The results are much more optimistic and applicable for the other scenario: when the customer has already contacted the support. This is because the call in a way validates the prediction – when a customer reaches out, it’s more likely than not that the problem actually exists.
In order to help the customer center engineers troubleshoot problems, we need to consider another aspect: explainability, which will help us point them to the nature of the problem. On this front outlier detection takes the lead. Both random forest and isolation forest are complex models whose inner workings are not straightforward to explain. Meanwhile, detected outliers can be marked on the plot, showing both which parameters exceeded the threshold and when. Outlier detection models do not have as large a predictive power as other approaches we described, but they are explainable and do not need the training phase. This is why they are better if we want to provide customer care engineers with a graphical representation of anomalies when they are fixing issues.
Based on these observations, what conclusions do we have about the models we created?
- Both random forest and isolation forest models could reliably discover about 10% of support tickets. This was to be expected, as we only collected data related to the parameters of physical lines. There are other classes of problems, such as WiFi quality, which are undetectable from the data we used in this research. These will vary from one provider to another and further affect the results. This is why a comprehensive solution for forecasting customer issues requires data from other sources as well, starting with CPE monitoring and ending with business insights.
- Both models perform well when our goal is to provide guidance to the customer care engineer who is trying to solve a problem that’s already been reported. This is because, in this situation, we don’t need the extreme specificity required for predictive alerting. It may seem trivial at first, but being able to point to a possible problem with the physical line when the customer is calling both validates their claim (which is not always so obvious) and significantly narrows down the search. As we’ve pointed out above: there are many other reasons why the customer may have experienced problems. Identifying the source in the physical layer allows us to provide the operators with suggestions as to what steps they should take next to fix the problem.

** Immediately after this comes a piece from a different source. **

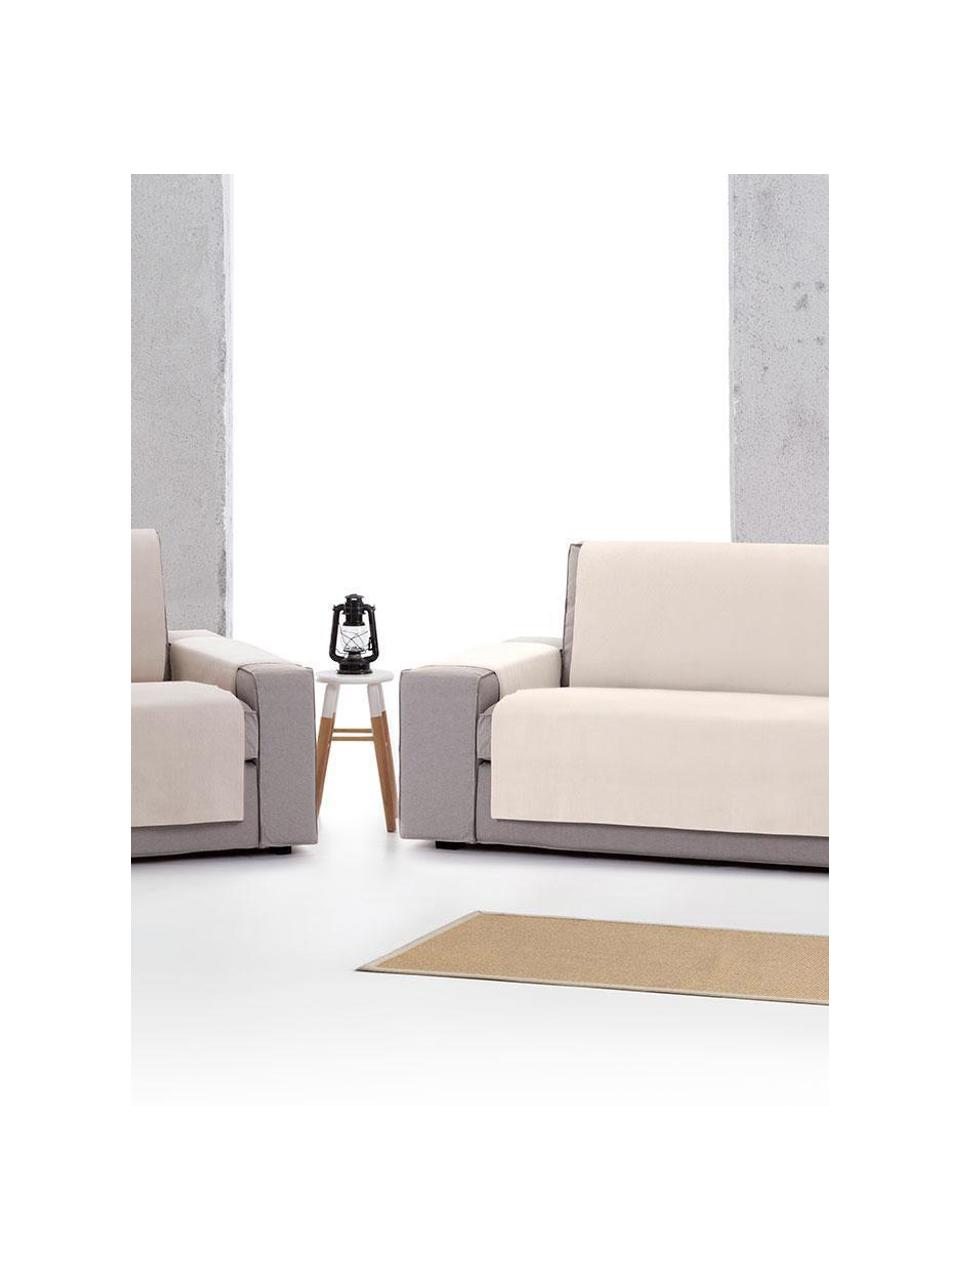 Narzuta na fotel Levante, 65% bawełna, 35% poliester, Szarozielony, S 55 x D 220 cm
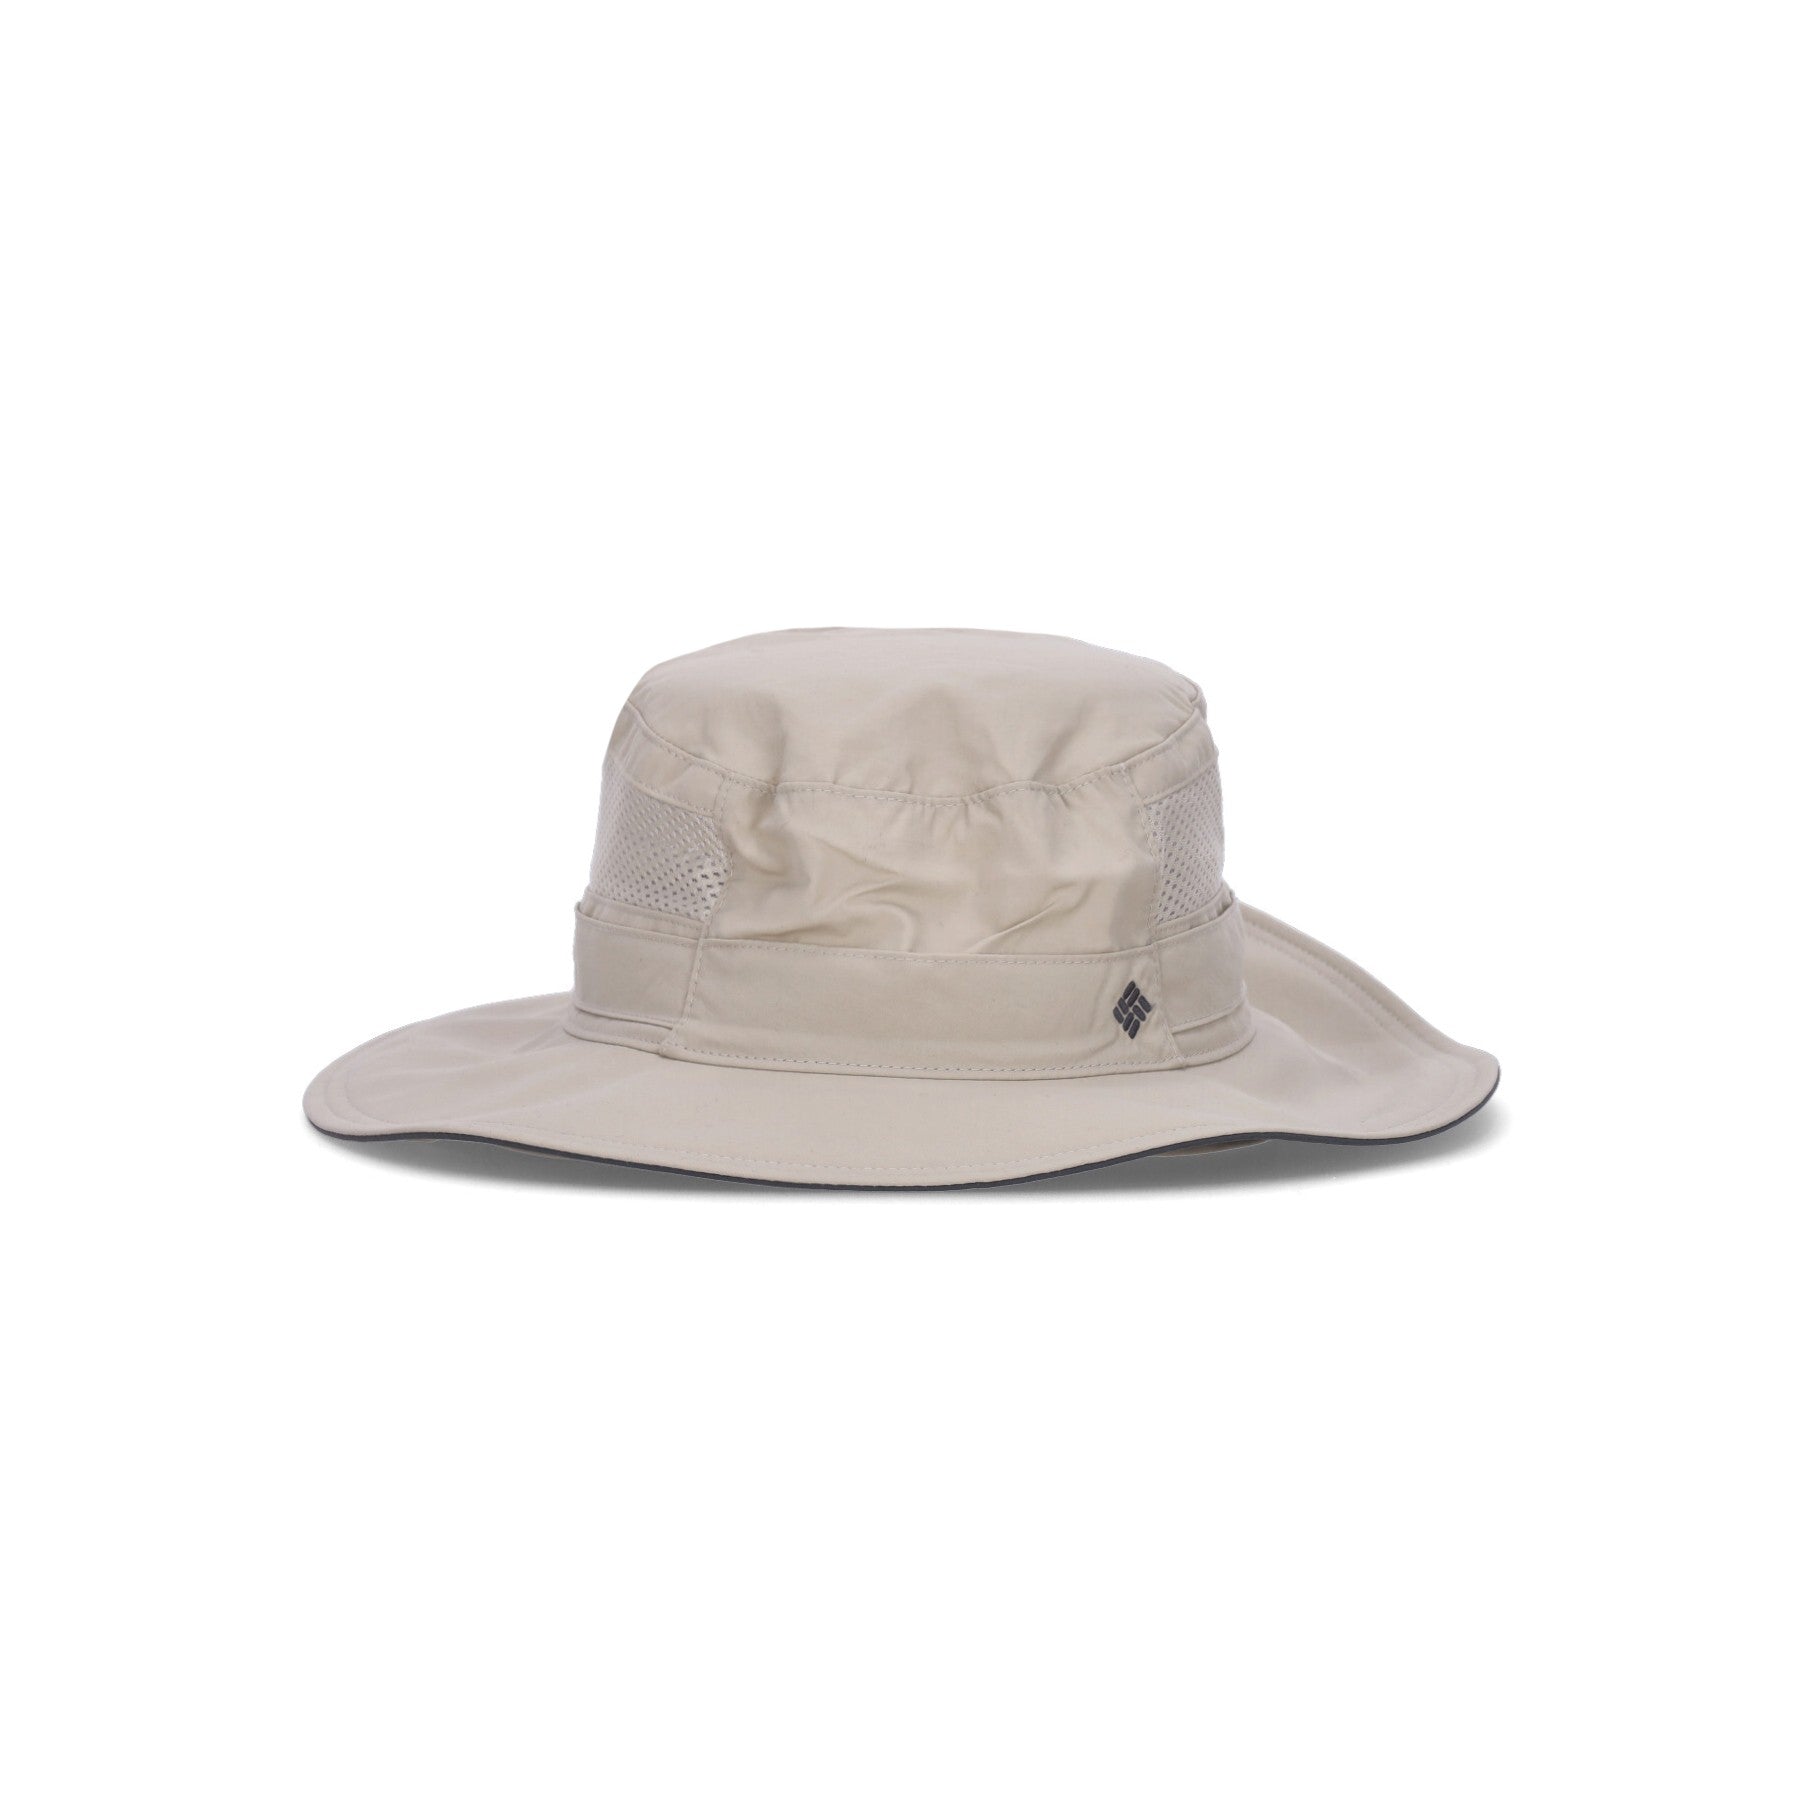 Bora Bora Booney Fossil Men's Wide Brim Hat

This research provided us with valuable insights for future work on machine learning. In particular, it gave us a list of next steps to consider when working on tools for predictive alerting and customer support.
- Our samples were collected once every 4 hours, which makes it practically impossible to detect problems that were reported soon after they occurred. A way to potentially improve the prediction would then be to increase the sampling rate.
- As we’ve hinted above, we have discovered that tickets are frequently reissued within a few days for the same line, suggesting that the reparative actions taken were not really so reparative. For that data set, the number of “broken” and “not broken” devices is comparable, suggesting that the number of false alarms would be respectively smaller. In such a case, we can provide predictive alerts for ticket reissuing.
- One possible way to reduce the rate of false positives is to group lines that are physically connected to the same device (e.g. to the same DSLAM) and have the model only raise alerts if it detects problems on multiple lines within the same group. This is because, in a sense, the occurrence of multiple problems that have a common factor reinforces the presumption that the issue is on the side of the device they are connected by, rather than anything else.
- Instead of focusing on pinpointing issues, we can focus on an additional classification to find major classes of problems. This would allow us to point the engineers to the likely causes and fixes they can perform to resolve the issue. Again, this would be a step towards automatizing the whole process.